This was originally published in December 15, 2007 Armenian Reporter.
by Emil Sanamyan
Azerbaijan accused of obstructing the confidence-building measure
WASHINGTON – International diplomats have stopped their regular monitoring of the cease-fire in Karabakh, after Azerbaijan refused to issue routine permission, it has emerged in recent weeks. Ambassador Andrzej Kasprzyk, a Polish diplomat who heads the monitoring effort on behalf of the Organization for Security and Cooperation in Europe (OSCE), confirmed that “no monitoring on the Line of Contact (LOC) has taken
place” since last summer.
In an e-mail response to the Armenian Reporter on December 13, Ambassador Kasprzyk said that “in summer 2007, the Azerbaijani [Foreign Ministry] objected to the OSCE receiving official written correspondence from the NK [Nagorno Karabakh] authorities. “Since our monitoring on the LOC require security guarantees from both sides in written form, and the NK authorities insist on official correspondence as was the case until now,” the effort has been suspended, said the diplomat.
The cease-fire has held in Karabakh since May 1994. Amb. Kasprzyk and his staff have been in charge of its monitoring since July 1996.
Cease-fire threatened?
The Economist first reported on November 28 that the regular monthly or fortnightly visits have stopped “after a diplomatic dispute.” The last such visit was reported by Nagorno Karabakh’s Foreign Ministry to have taken place on July 10 of this year and in two-week intervals in preceding months.
Incidentally, the Azerbaijani démarche, which is part of its overall policy to exclude NKR from the peace process, coincided with the presidential election in Nagorno Karabakh and subsequent personnel changes in the NKR government.
During the OSCE ministerial meeting in Madrid on November 29, diplomats from France, Russia, and the United States who co-lead mediation in the Karabakh peace process issued a statement that said, “the parties have been asked not to obstruct the resumption of OSCE monitoring on the Line of Contact.”
While the co-chairs, as is their custom, did not blame either party for the suspension, Foreign Minister Vartan Oskanian of Armenia, also speaking in Madrid, noted that it is “Azerbaijan’s willful obstruction of international envoys entrusted with monitoring the conflict and the region [that] is threatening to upset the fine balance that we have sustained.”
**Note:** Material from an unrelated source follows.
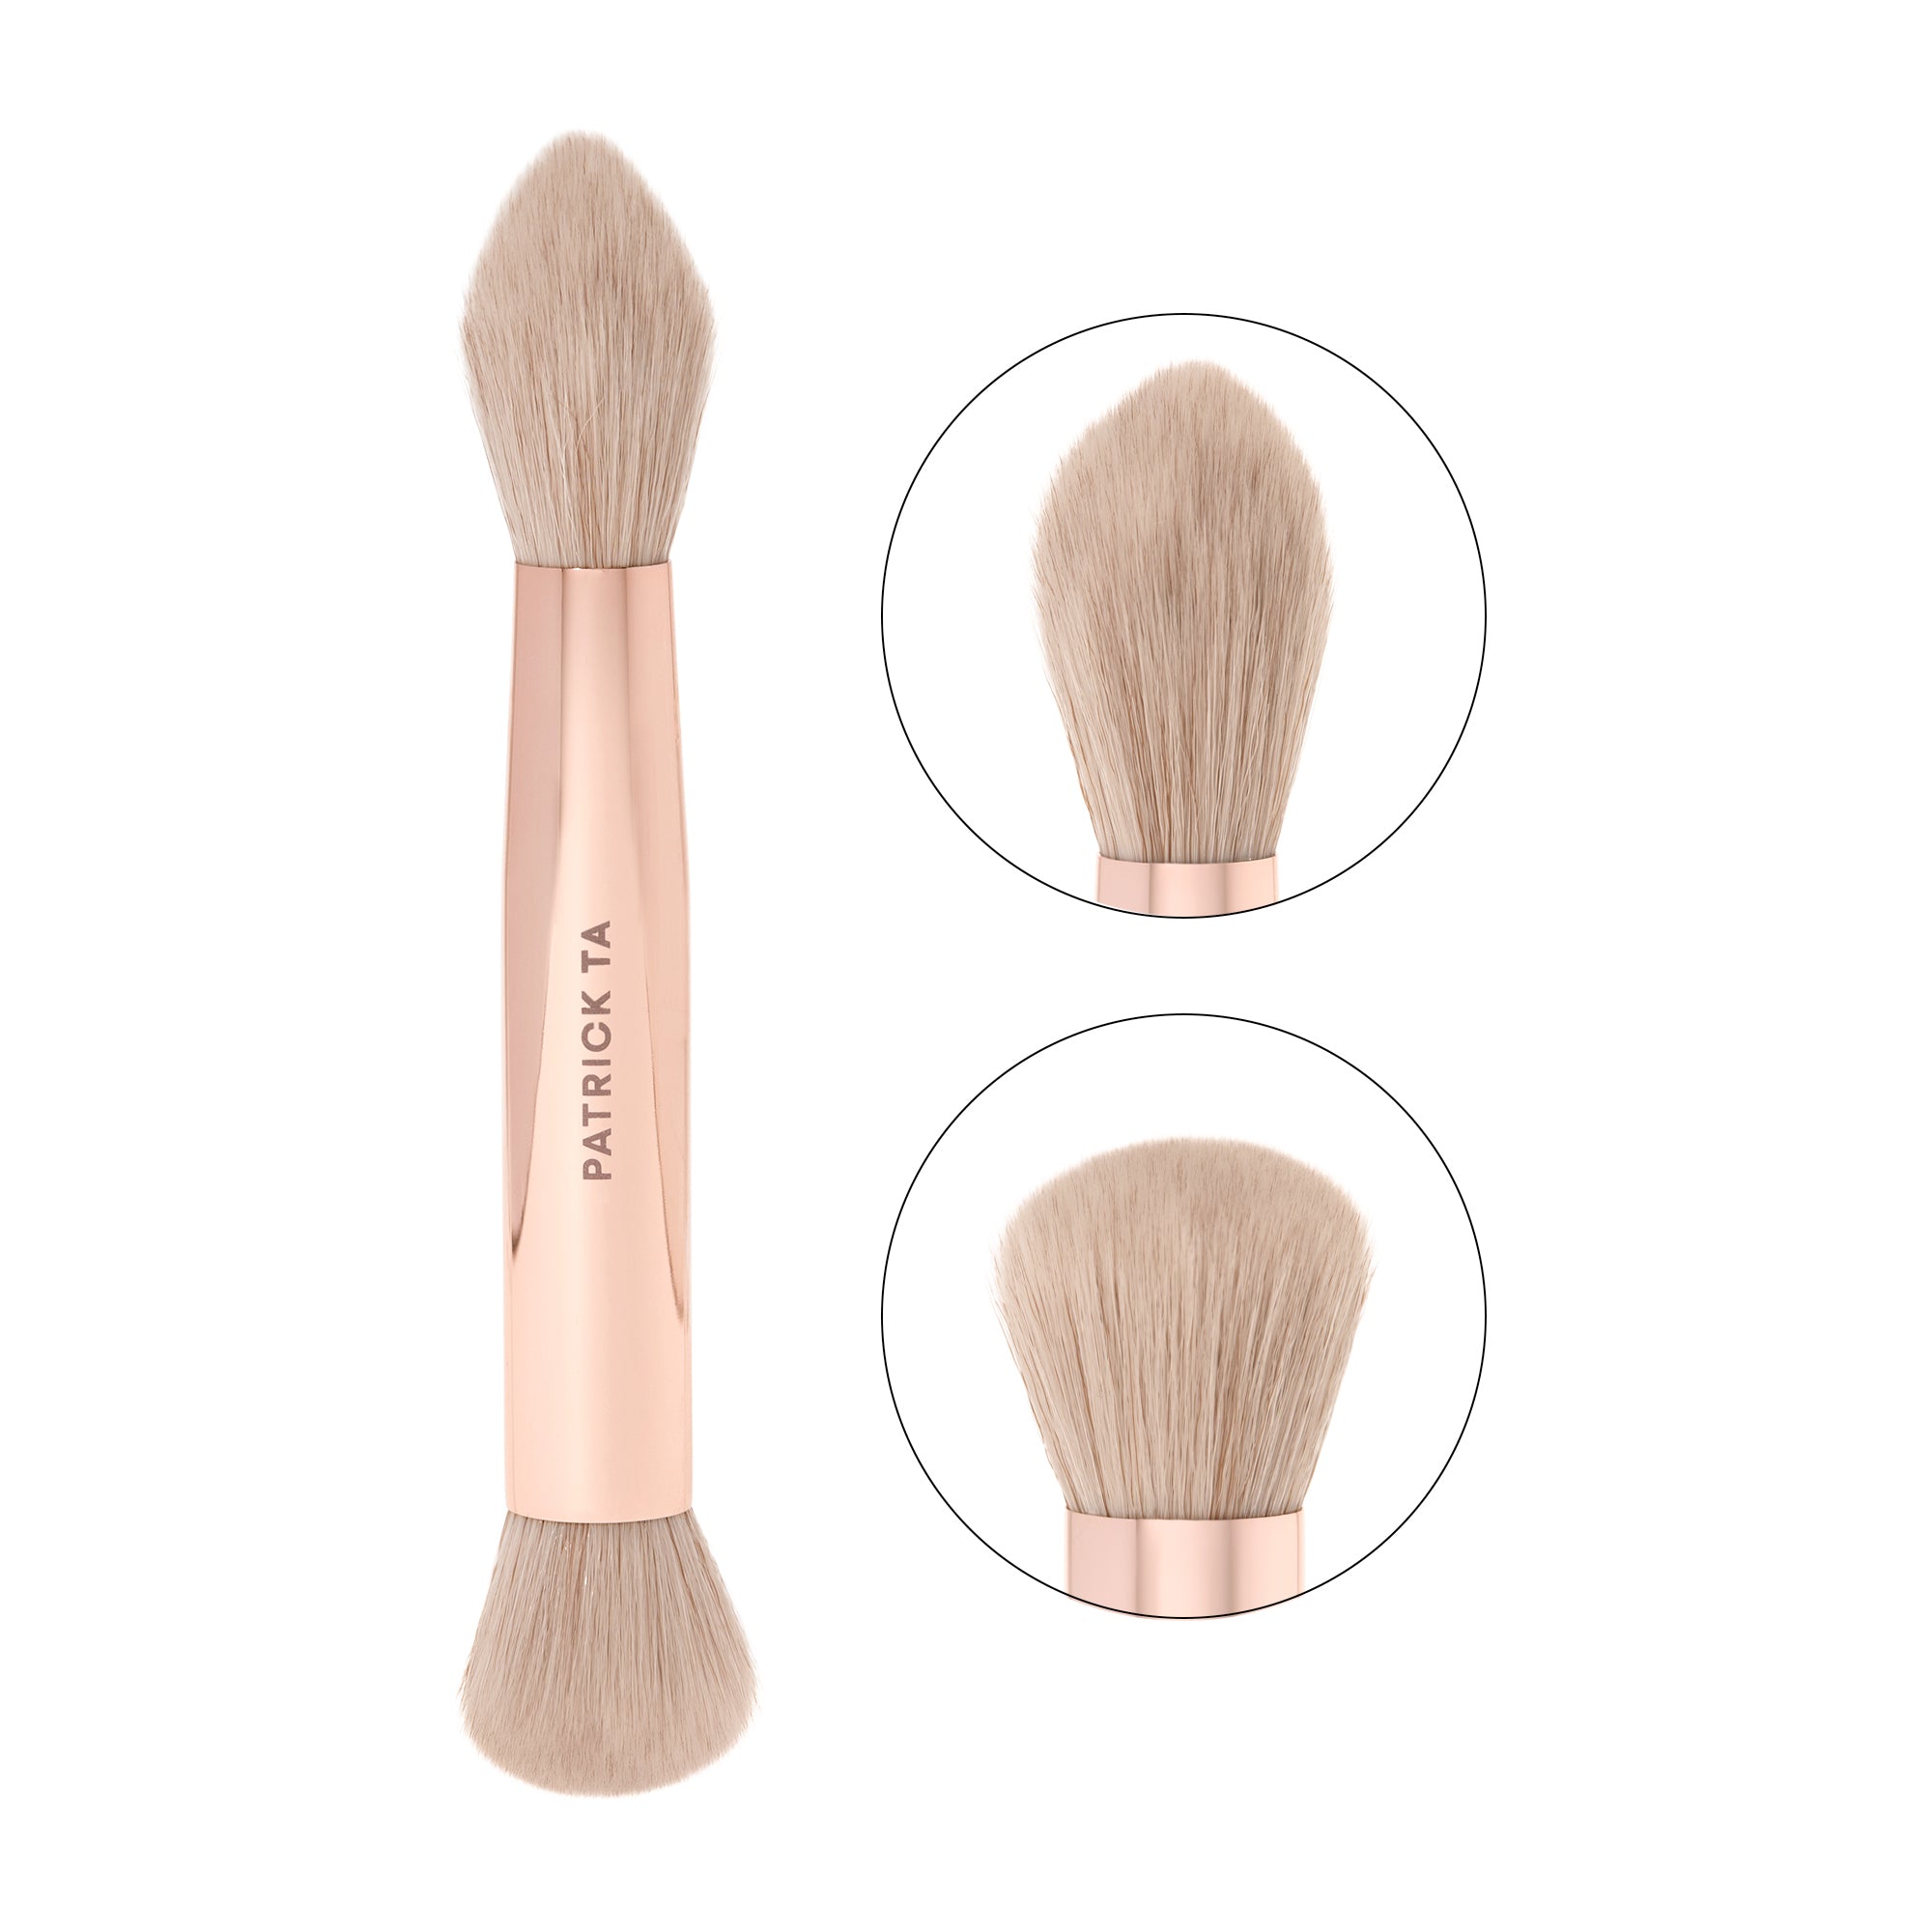 DUAL-ENDED COMPLEXION BRUSH NO 2

While at least one serious skirmish was reported since the suspension of the monitoring, similar incidents have occurred in the past as well. During the more than 13 years of the cease-fire, several hundred soldiers are believed to have been killed on each side in ceasefire violations. (Editor’s note: An article in last week’s Reporter incorrectly estimated that total such deaths since the 1994 cease-fire have surpassed 4,000. We regret that error.)
“The general situation on the LOC remains relatively calm and stable,” said Amb. Kasprzyk, “although cease-fire violations continue and casualties have been reported on both sides, several on each side so far this year.” He expressed regret that “so far it has not been possible to remove the obstacles for the monitoring which might have saved peoples’ lives.”
Sides return captured civilians
In a positive development this week, a Karabakh Armenian civilian who was captured and held in Azerbaijan for eight months was finally released, news agencies reported.
Two Azerbaijani civilians captured in Karabakh and Armenia’s Tavush province, in August and November respectively, were turned over to Azerbaijan in an exchange organized by the International Committee of the Red Cross.
The Azerbaijani government previously claimed that Valeri Suleimanian, 49, who together with his wife and children lives in Martuni, did not want to be repatriated. That claim came months after three Azerbaijani soldiers defected to the Armenian side. While two of them were since returned and subsequently imprisoned on “treason” charges in Azerbaijan, one applied for political asylum and remains in Yerevan.
Mr. Suleimanian’s release became possible after Azerbaijan captured a 23-year-old Armenian army conscript, Hambartsum Asatrian, last August. Azerbaijani officials now claim that Mr. Asatrian does not want to return to Armenia.